In the data below, restate exactly the lines from the one with "Here we can" to the final line, both included, but not the pictures.

[SUPPLIED RECORDS]

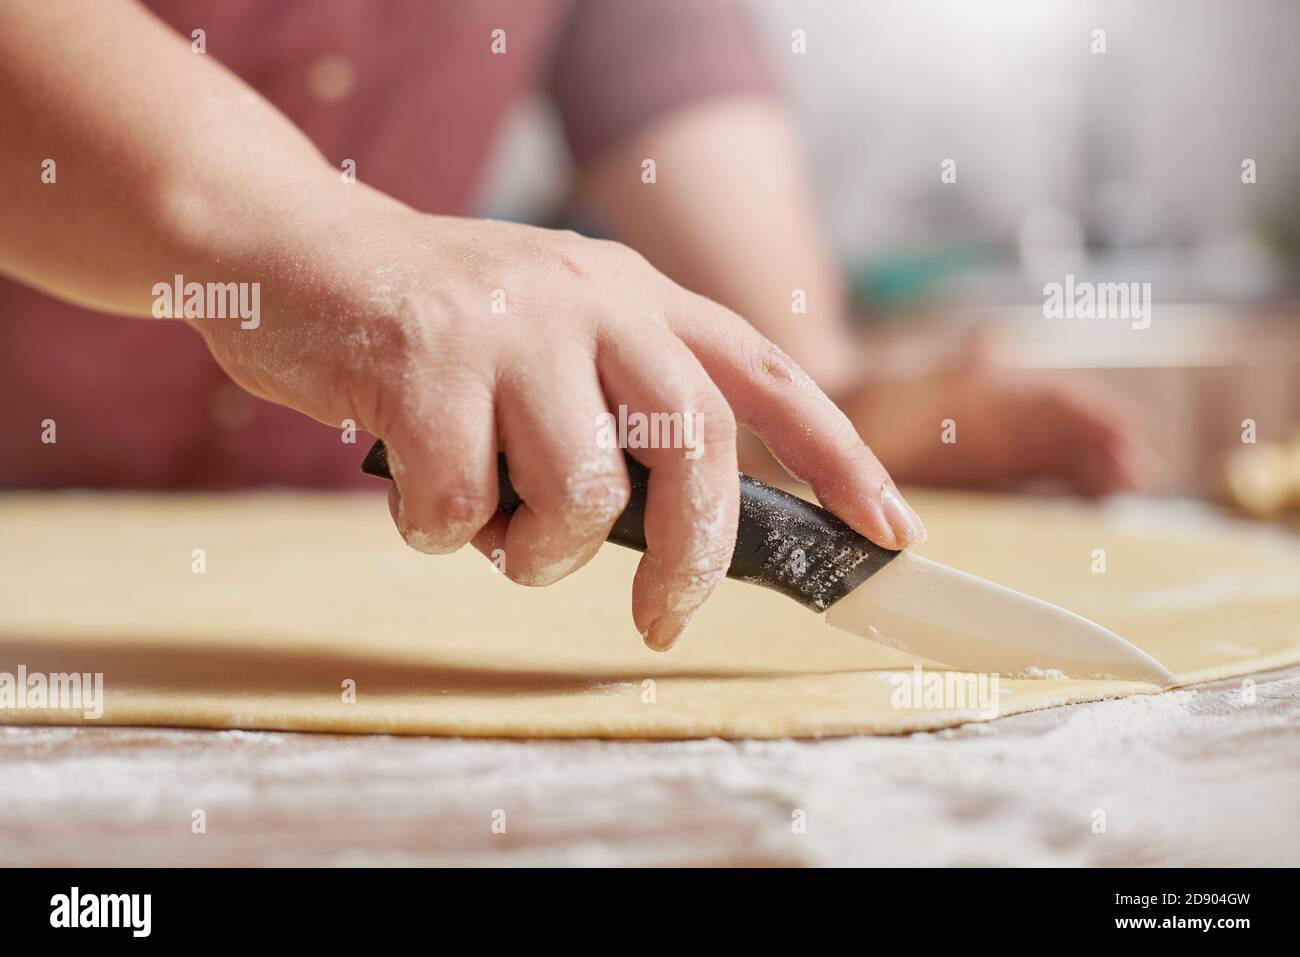 Closeup female hands cutting the raw dough with a knife Stock Photo
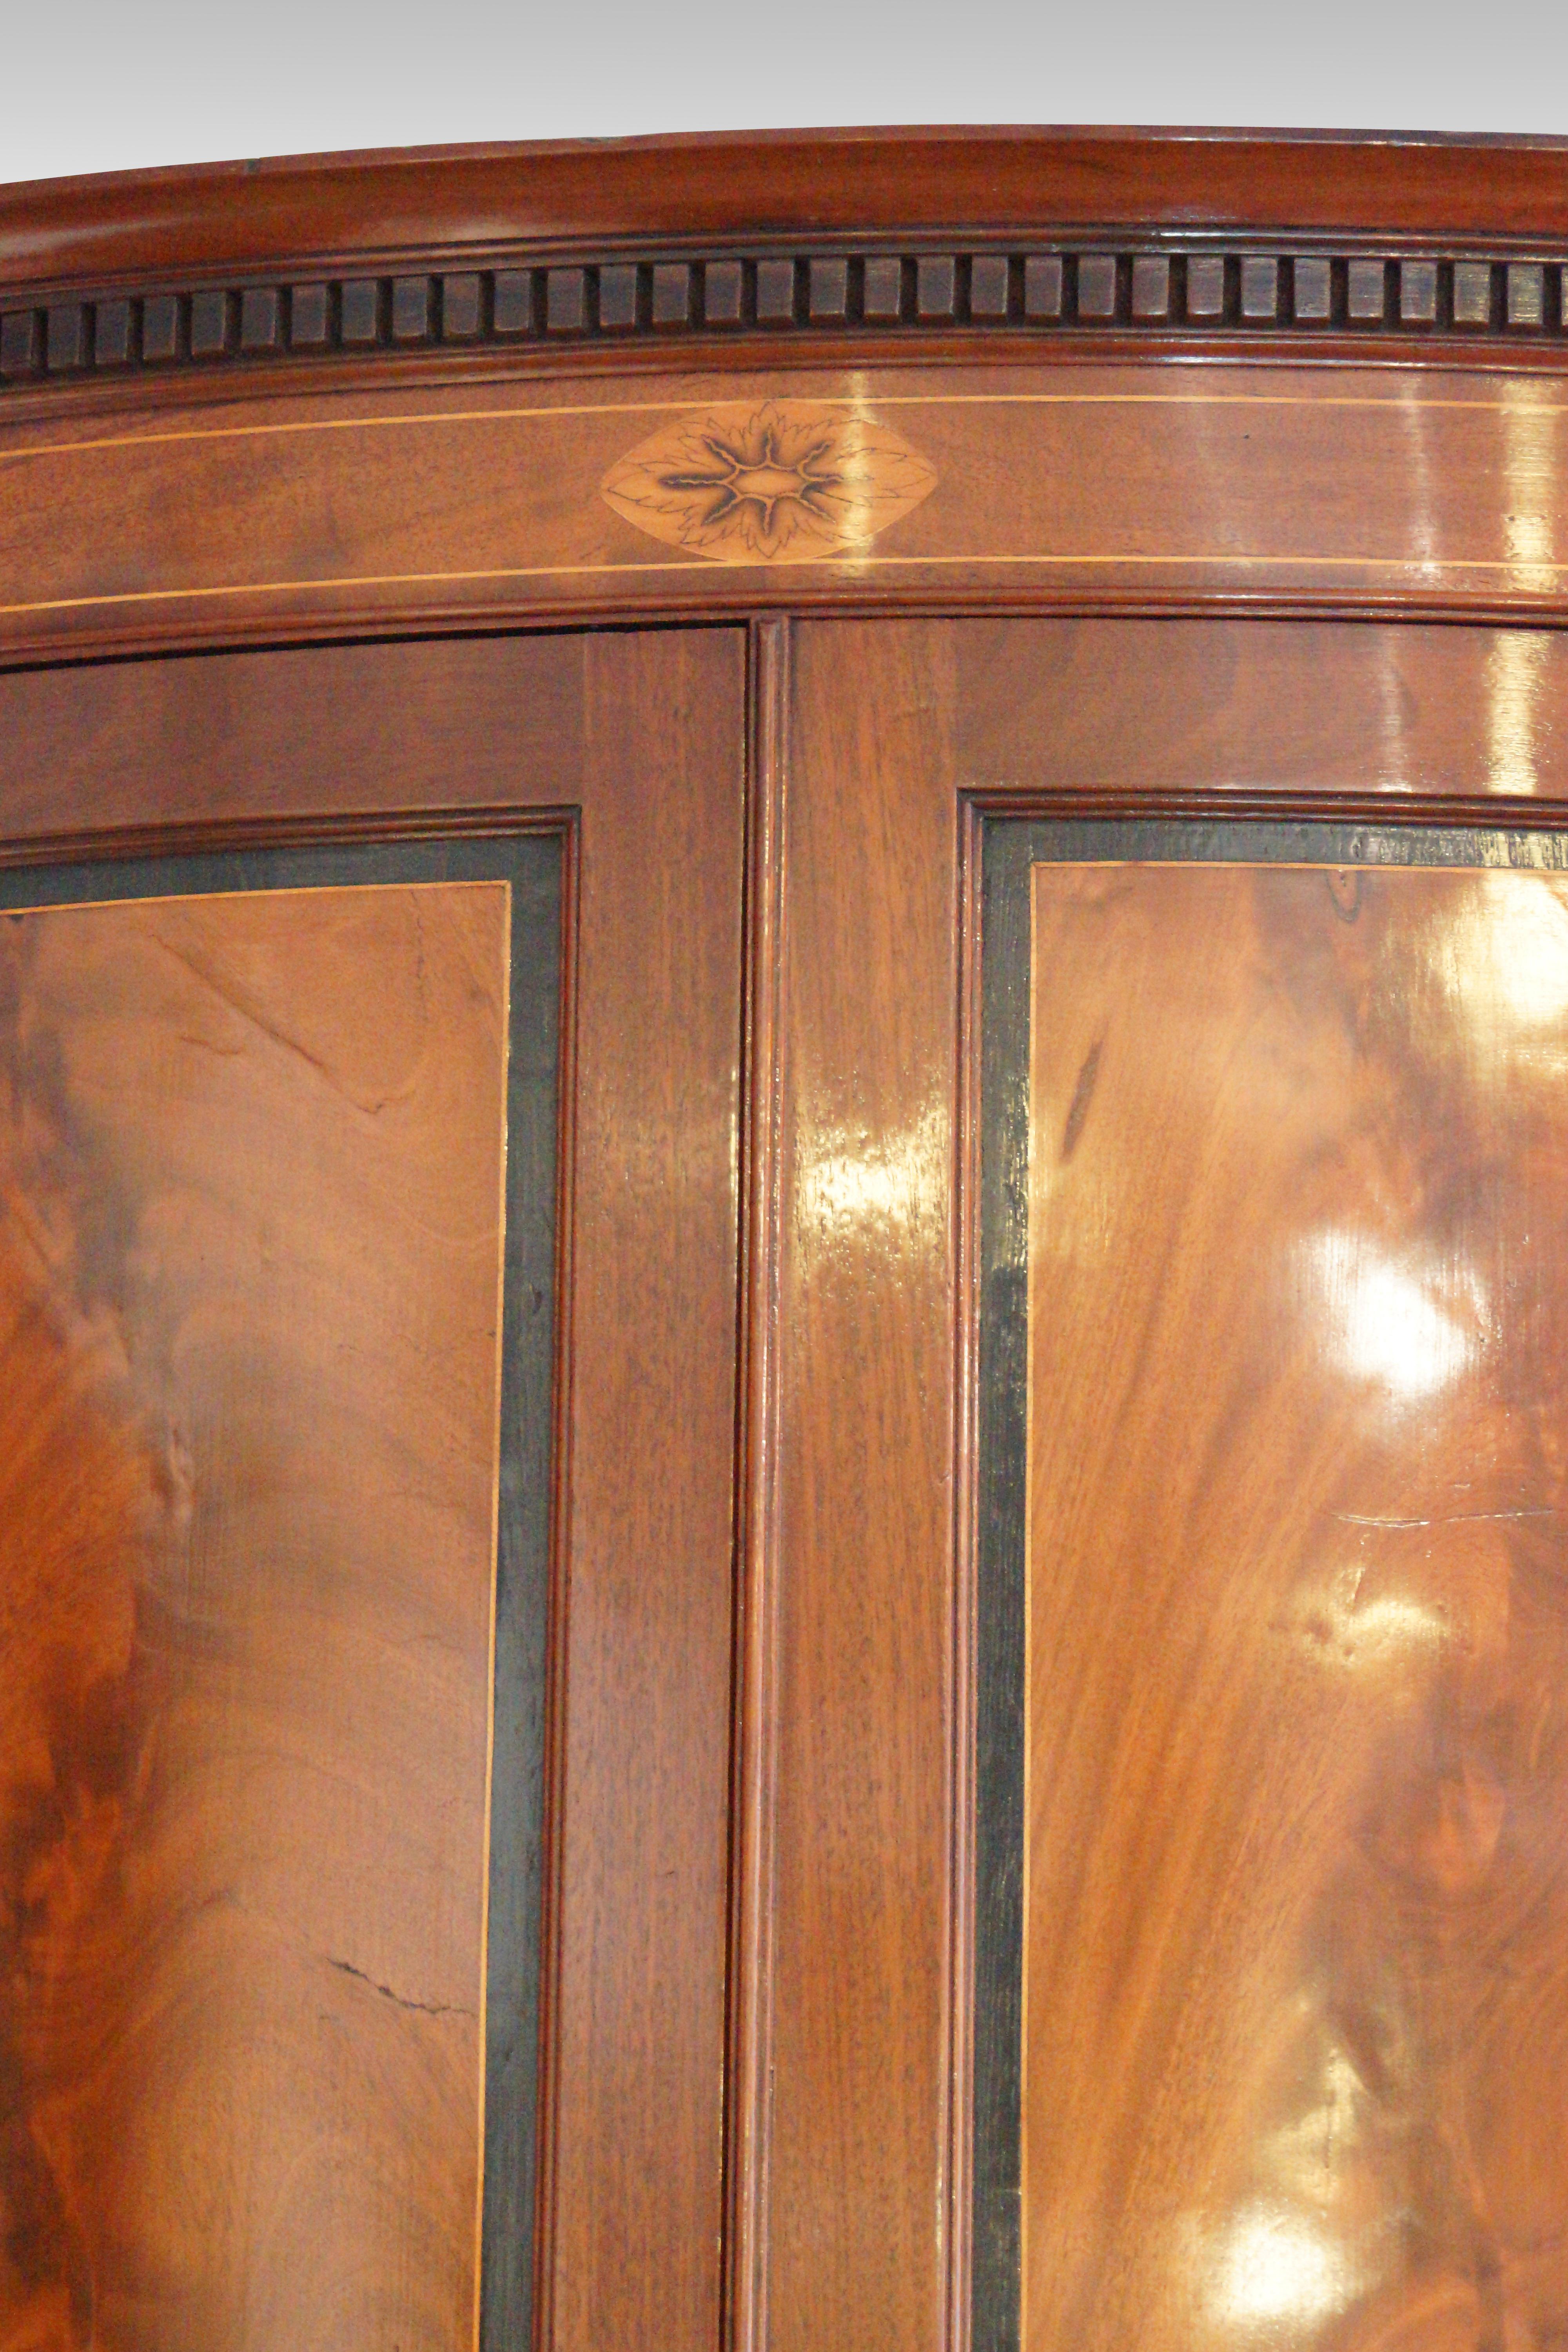 Georgian bow front mahogany hanging corner cabinet
Here we can offer you this Georgian bow front mahogany hanging corner cabinet, that was made, circa 1835
It is of the desirable bow front shape, with the doors having double panels in flame
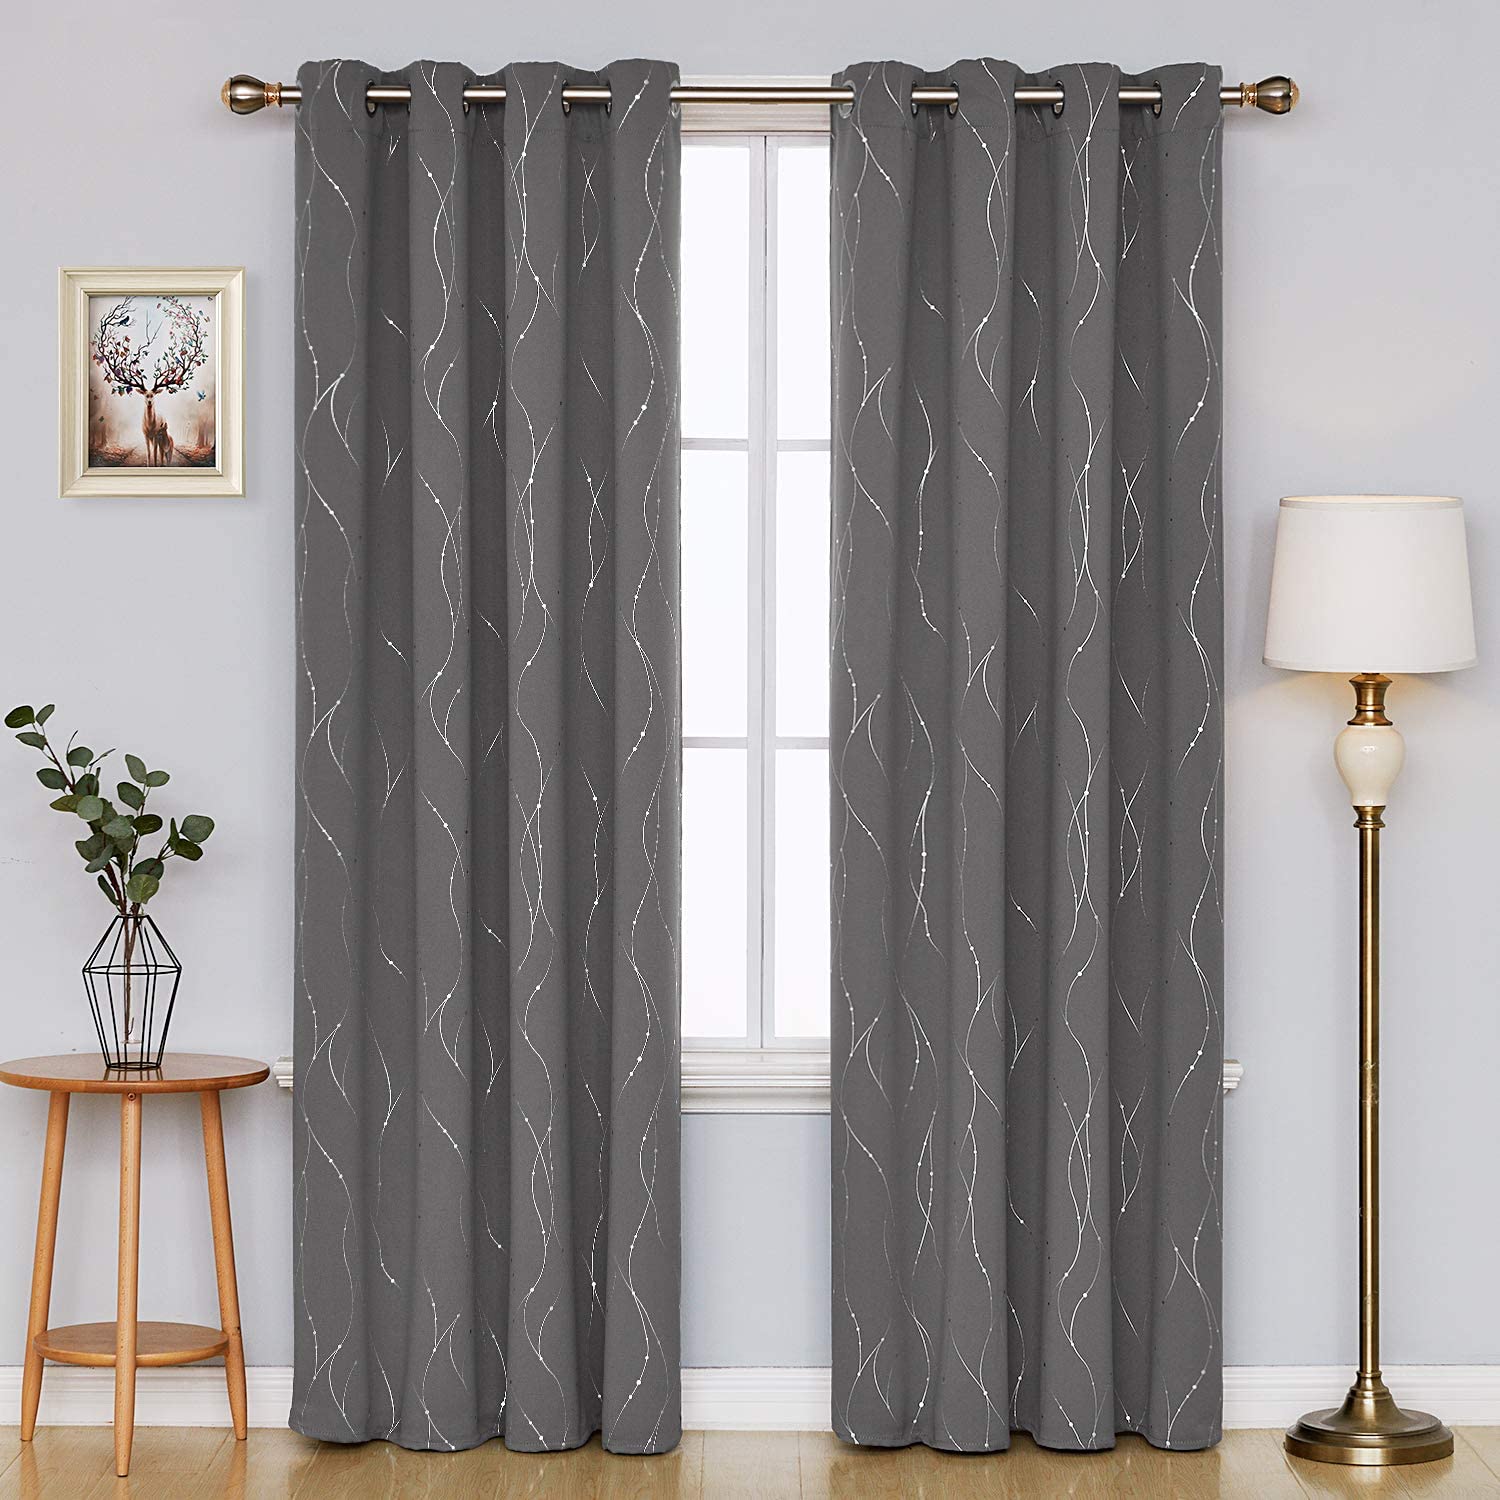 Deconovo Blackout Curtains Grommets with Dots Pattern Thermal Insulated

[/SUPPLIED RECORDS]

__WRITTEN ANSWER__:
Here we can offer you this Georgian bow front mahogany hanging corner cabinet, that was made, circa 1835
It is of the desirable bow front shape, with the doors having double panels in flame
 Deconovo Blackout Curtains Grommets with Dots Pattern Thermal Insulated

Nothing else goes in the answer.